Antibacterial activity

The antibacterial activity of Lf has been documented in the past, both in vitro and in vivo for Gram-positive and Gram-negative bacteria and some acid-alcohol resistant bacteria. Table 1 shows the bacteria against which Lf has shown an inhibitory effect and the mechanism used by Lf to exert its effect. Particular attention should be given to bacteria listed in Table 1 because some of these are known to be resistant to antimicrobials, such as the strains of Staphylococcus aureus, Listeria monocytogenes, methicillin-resistant Klebsiella pneumoniae and Mycobacterium tuberculosis, among others. Lf has also been proven effective against strains of Haemophillus influenzae and Streptococcus mutans that were inhibited by an iron-independent interaction with the cell surface [39], [45].

Table 1

Bacteria against which Lf has a reported effect.

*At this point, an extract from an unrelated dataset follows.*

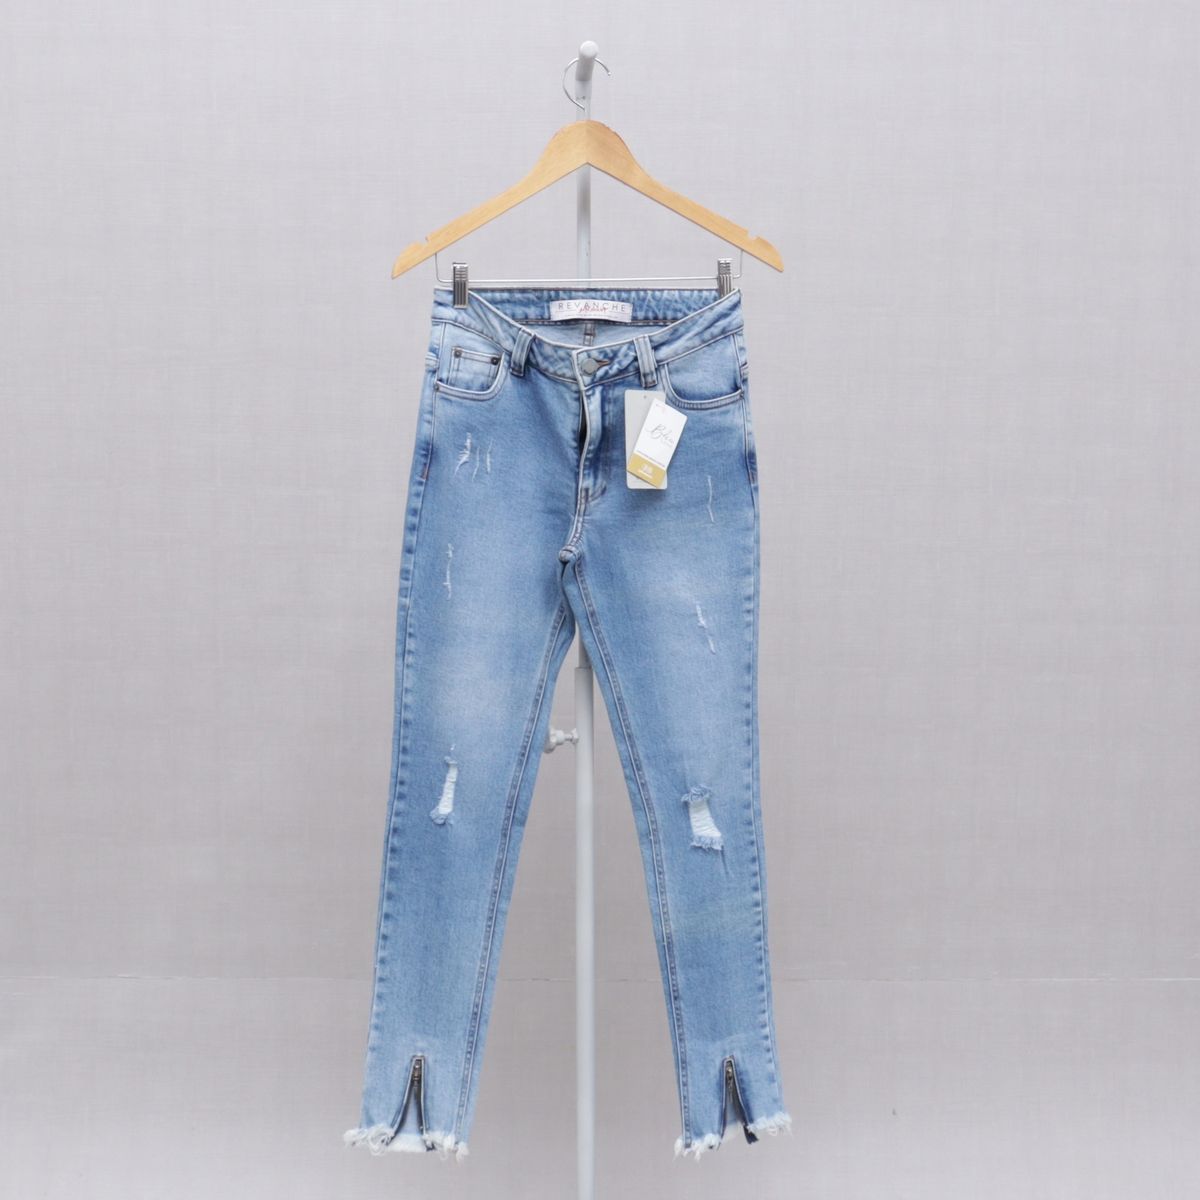 Calça jeans com zíper na perna 56576 - Calça jeans com zíper na perna 56576  - RHERO
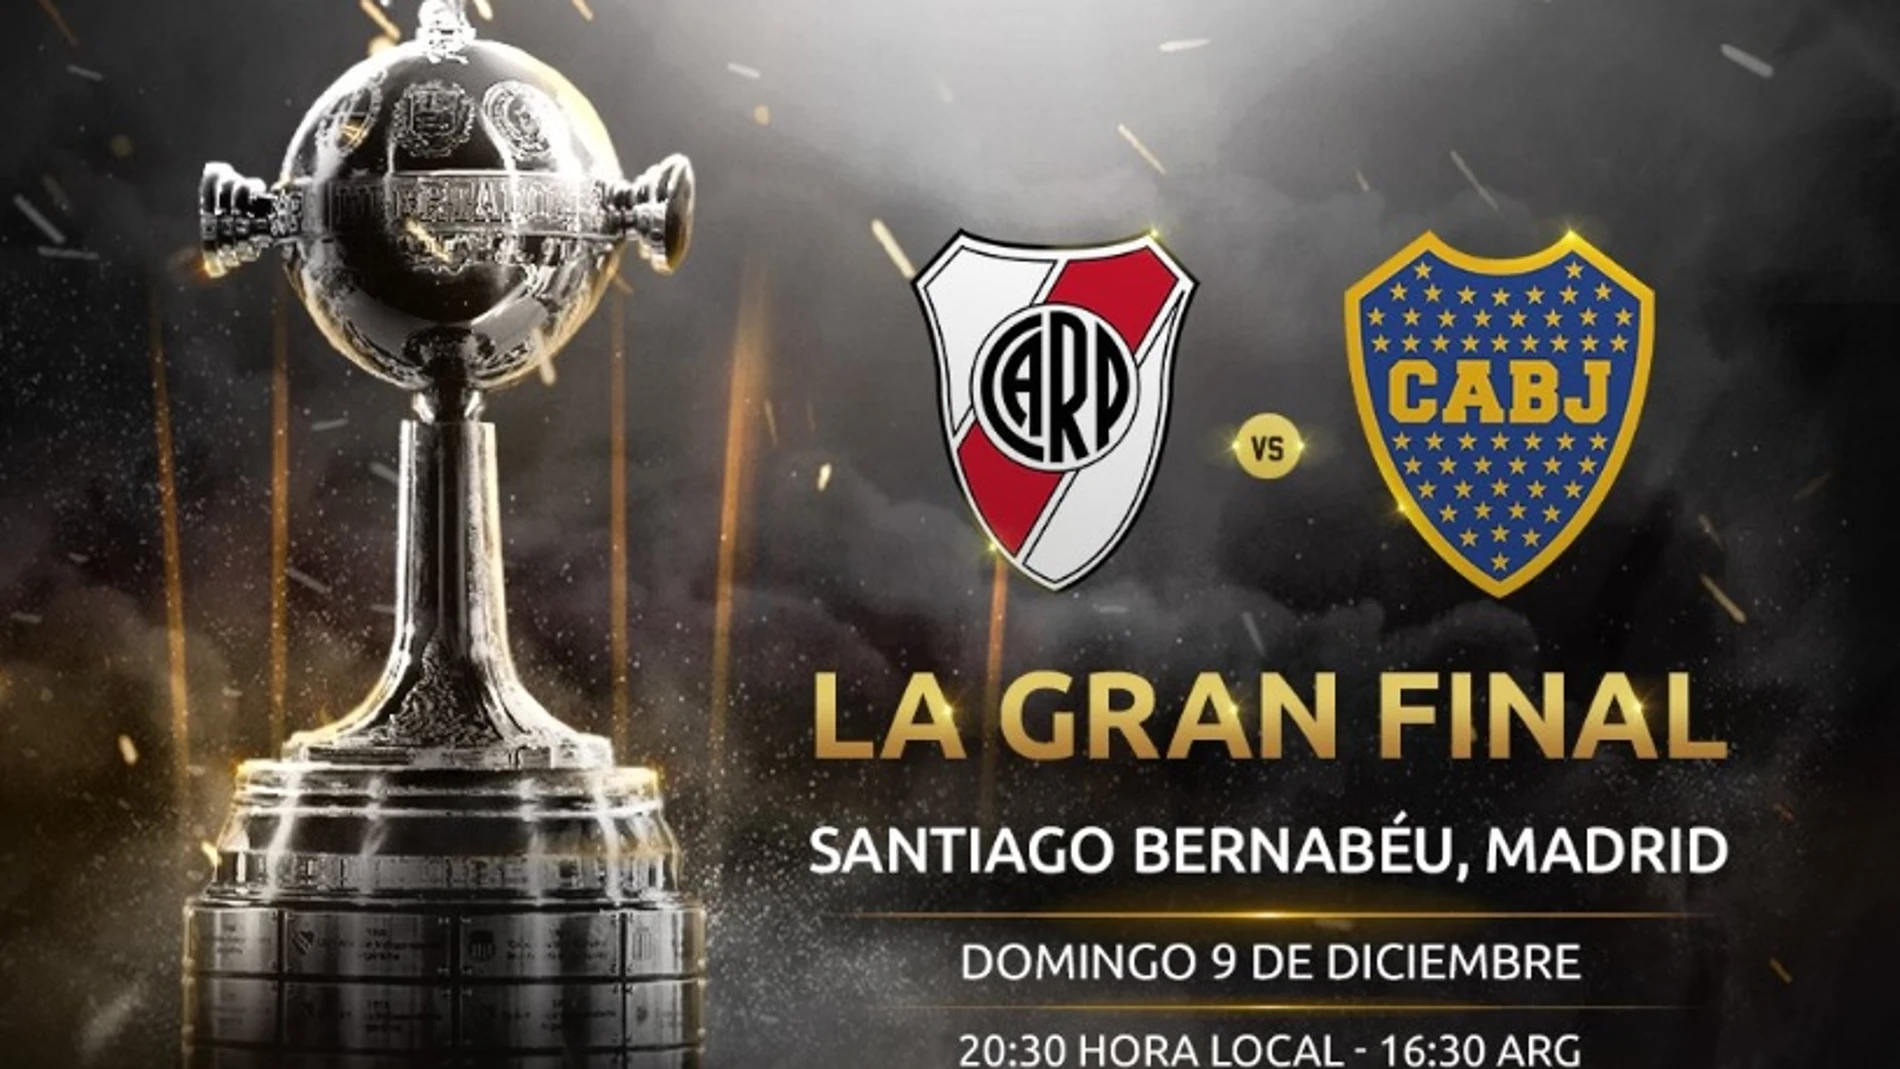 OFICIAL: El River Plate - Boca Juniors de la final de la Copa en el Santiago 9 de diciembre

	Target	Mode of action	Reference
Gram-positive	Bacillus stearothermophilus	Iron sequestering	[36], [37]
	Bacillus subtilis	Iron-independent interaction with bacterial cell surface	[38]
	Klebsiella pneumoniae	Iron-independent interaction with cell surface	[39]
	Listeria monocytogenes	Altering bacteria virulence	[40], [41]
	Staphylococcus aureus	Iron sequestering	[42], [43]
	Streptococcus mutans	Iron-independent interaction with cell surface	[44], [45], [46]
	Streptococcus parasanguinis	Altering bacterial growth	[47]
	Actinobacillus	Proteolytic activity	[48]
	S. epidemidis	Interaction with lipoteichoic acid on bacterial surface	[48]
	S. epidermidis	Prevents biofilm formation—through iron sequestering	[48]
Gram-negative	Chlamydophila psittaci	Interferes with cell adhesion	[50]
	Haemophillus influenzae	Altering bacteria virulence—degrading IgA1 and Hap	[39]
	E. coli enteropathogenic (EPEC)	Proteolytic activity of invasive mechanism	[49]
	E. coli enteropathogenic (EAEC)	Inhibit adherence of diffusely adherent	[51]
	E. coli (DAEC)	Inhibit aggregative proliferation	[51]
	Helicobacter felis	Prevention of matrix interaction cell-host	[52]
	Helicobacter pylori	Iron-independent mechanism of inhibition	[53], [54]
	Legionella pneumophila	Prevent intracellular proliferation	[55]
	Pseudomonas aeruginosa	Prevents biofilm formation	[56], [57], [58]
	Shigella flexneri	Disrupt bacterial type III secretion system	[59]
	Vibrio cholerae	Iron-independent mechanism of inhibition	[69]
	Mycobacterium tuberculosis	Augment cellular immunity	[61], [62]
	Mycoplasma bovis	Prevents biofilm formation	[57]
	Porphyromonas gingivalis	Disrupt biofilm formation—cell membrane permeabilization	[63]
	Samonella enteritidis	Interferes with polysaccharide cell content	[64]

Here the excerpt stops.